High surface tension

Surface tension presents as an invisible film that encompasses the surface of water. The attractive forces arising from the intermolecular cohesion holds the surface of water together.

Paper clip on water.

This paperclip would sink if it broke through the surface of the water.

Water strider on water.

This water strider is not on top of the water because it is light. They have long and slender legs that keep weight evenly distributed on top of water, and have tiny hair that repel water. The water strider has not broken through the surface of the water and is therefore, on top of the water.

Cohesive property

Astronaut Clayton Anderson demonstrates the cohesive nature of water in microgravity on board of the shuttle Discovery.

The H-bonds between water molecules are responsible for the cohesive properties of water. Water clings to itself through hydrogen bonding.

Adhesion property

Water climbs the capillary tube by adhesion to the surface.

Hydrogen bonds of water can drive adhesion as evidenced by capillary action.

Water travels through our blood vessel the same way.

Evaporative cooling

The H-bonds are responsible for the high boiling point of water (100 degrees C). Evaporation is the removal of water as vapor at a temperature lower than boiling point and is an endothermic reaction. Evaporative cooling describes how the process of liquid evaporation leaves a surface cool. The energy from the heat that is present is transferred to water in sweat where water molecules use this energy to break H-bonds and escape.

High heat capacity

Specific heat of water.

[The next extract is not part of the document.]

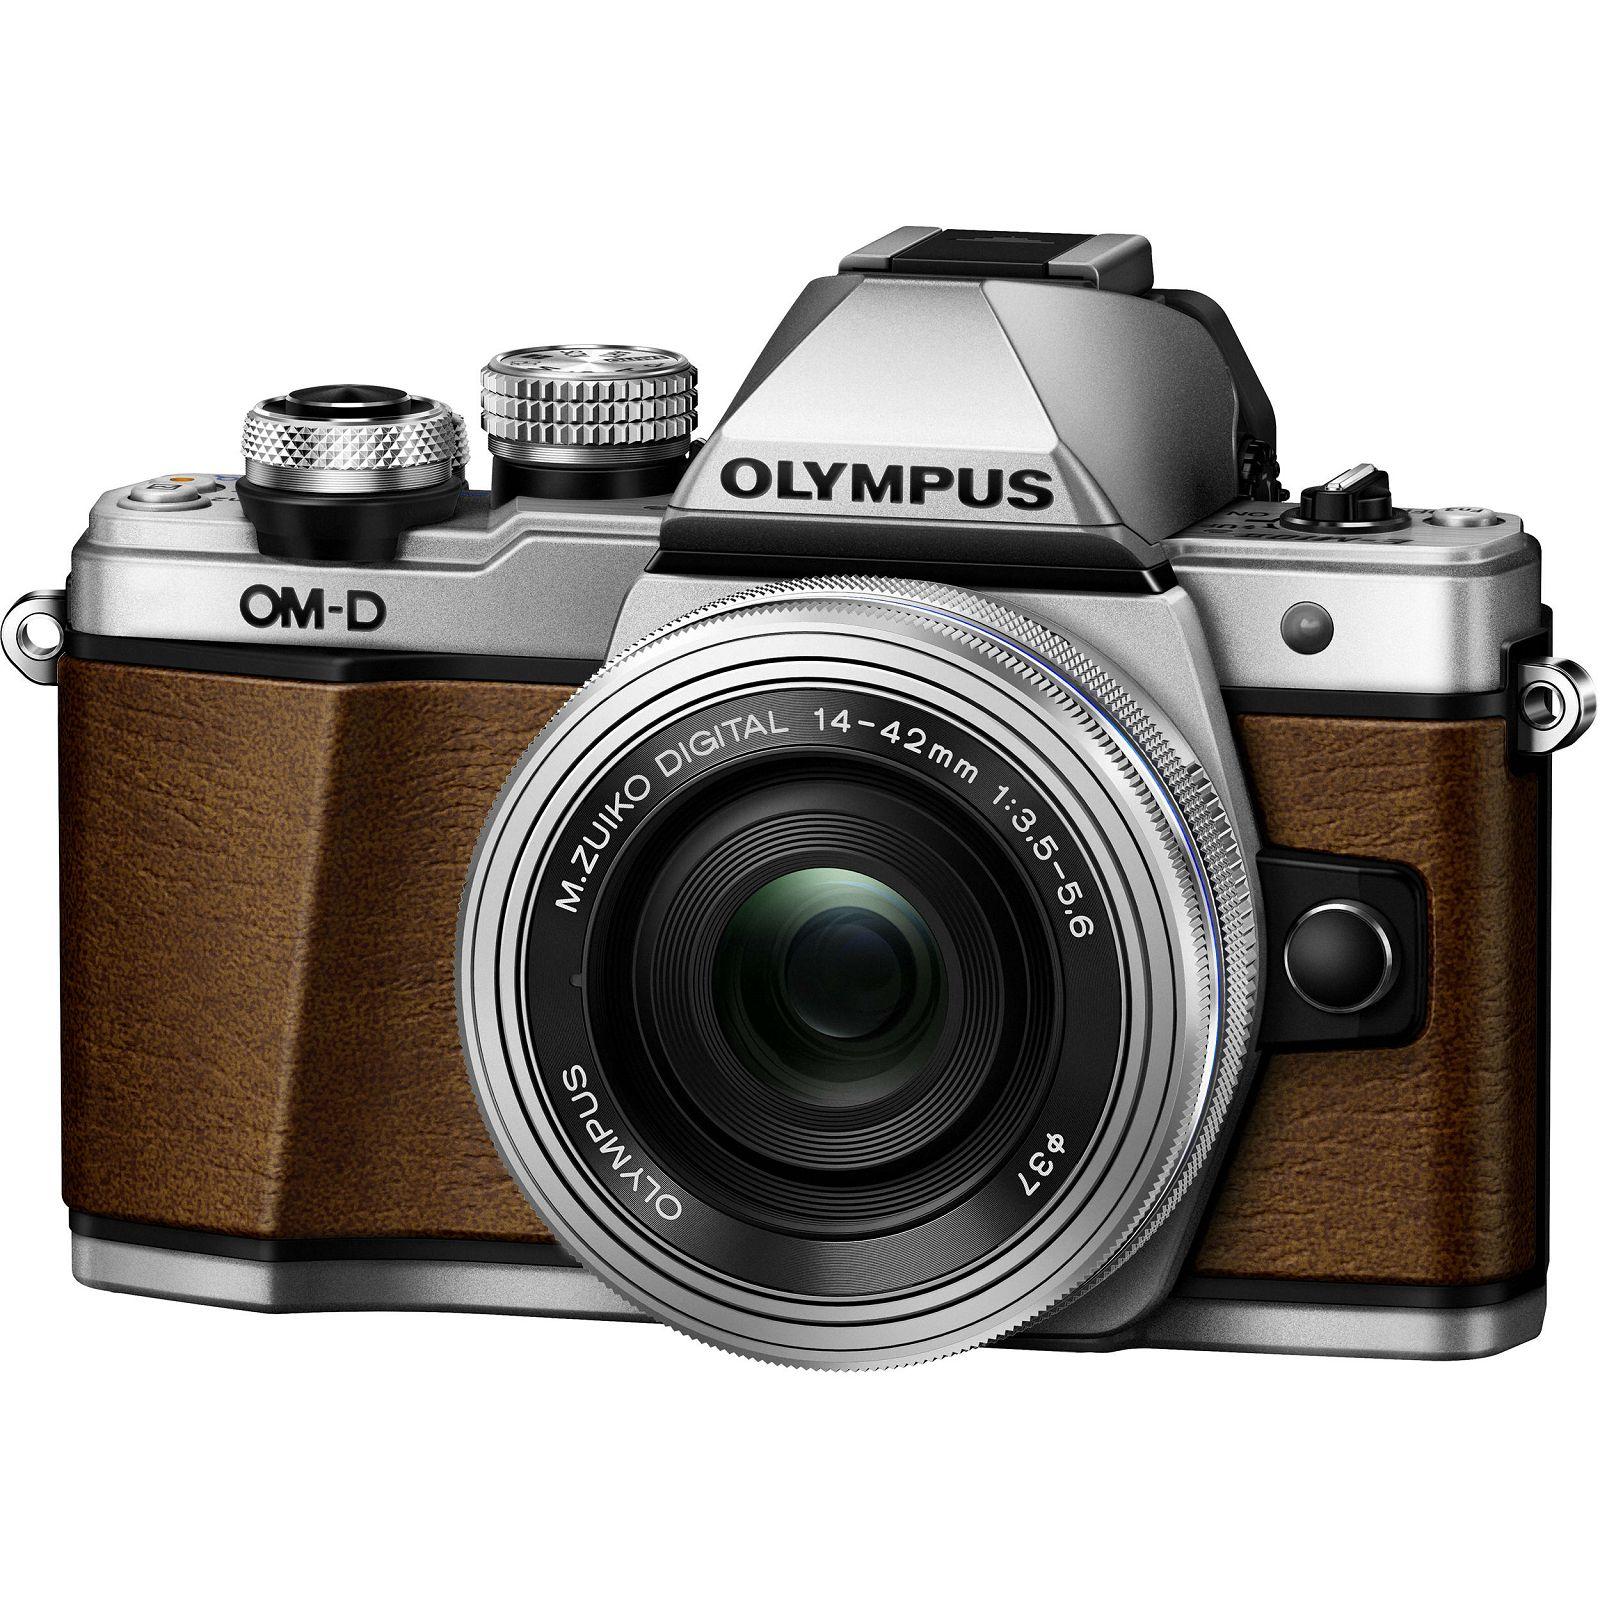 Olympus E-M10 II Body Fox Brown smeđi E-M10II Leather strap fox-brown, Silver lens cap,Charger, Rechargeable Battery, USB Cable, Video Cable & EZ-M1442 EZ fotoaparat V207056NE000

Transfer of energy to boil water explained.

Heat capacity is the amount of energy needed to increase the temperature of a substance. It is measured in calories.

A calorie is defined as the amount of energy required to warm one gram of liquid water by 1ºC. Liquid water requires an abundance of energy to boil because of the hydrogen bonds retain molecules instead of evaporating to release that energy.

In the phase change diagram, you can see that water is liquid in the range of 0 to 100 ºC. The heat energy is used to break the H-bonds. When all the H-bonds are broken, heat is transfer to molecules and change of phase occurs. 80 calories are needed to melt ice cubes and 540 calories are needed to boil water.

Density of ice and water

Hydrogen bonds of water guide the structure of ice.
Density curve of water as a function of the temperature.
6-arm snow flakes of various shapes.

When water cools down to 0ºC, the water molecules move slowly and each molecule makes 4 H-bonds with surrounding water molecules to form an ice lattice. There is more space between water molecules that in liquid water, and there are less water molecules per volume unit. Therefore the density of ice is lower than the density of liquid water.

The curve shows that the density of frozen water is less than the density of liquid water. The density of water is the highest at 4ºC and equals 1kg/m3 or 1g/cm3.

Snow flakes made of water droplets crystalized around air particles form slowly while falling on the ground.

Read here how snow flakes are formed.

Iceberg in the Arctic showing its underside.

Icebergs are large chunk of ice that fell off from glaciers into the Arctic ocean. This photograph illustrates how ice is less dense that liquid water since it floats.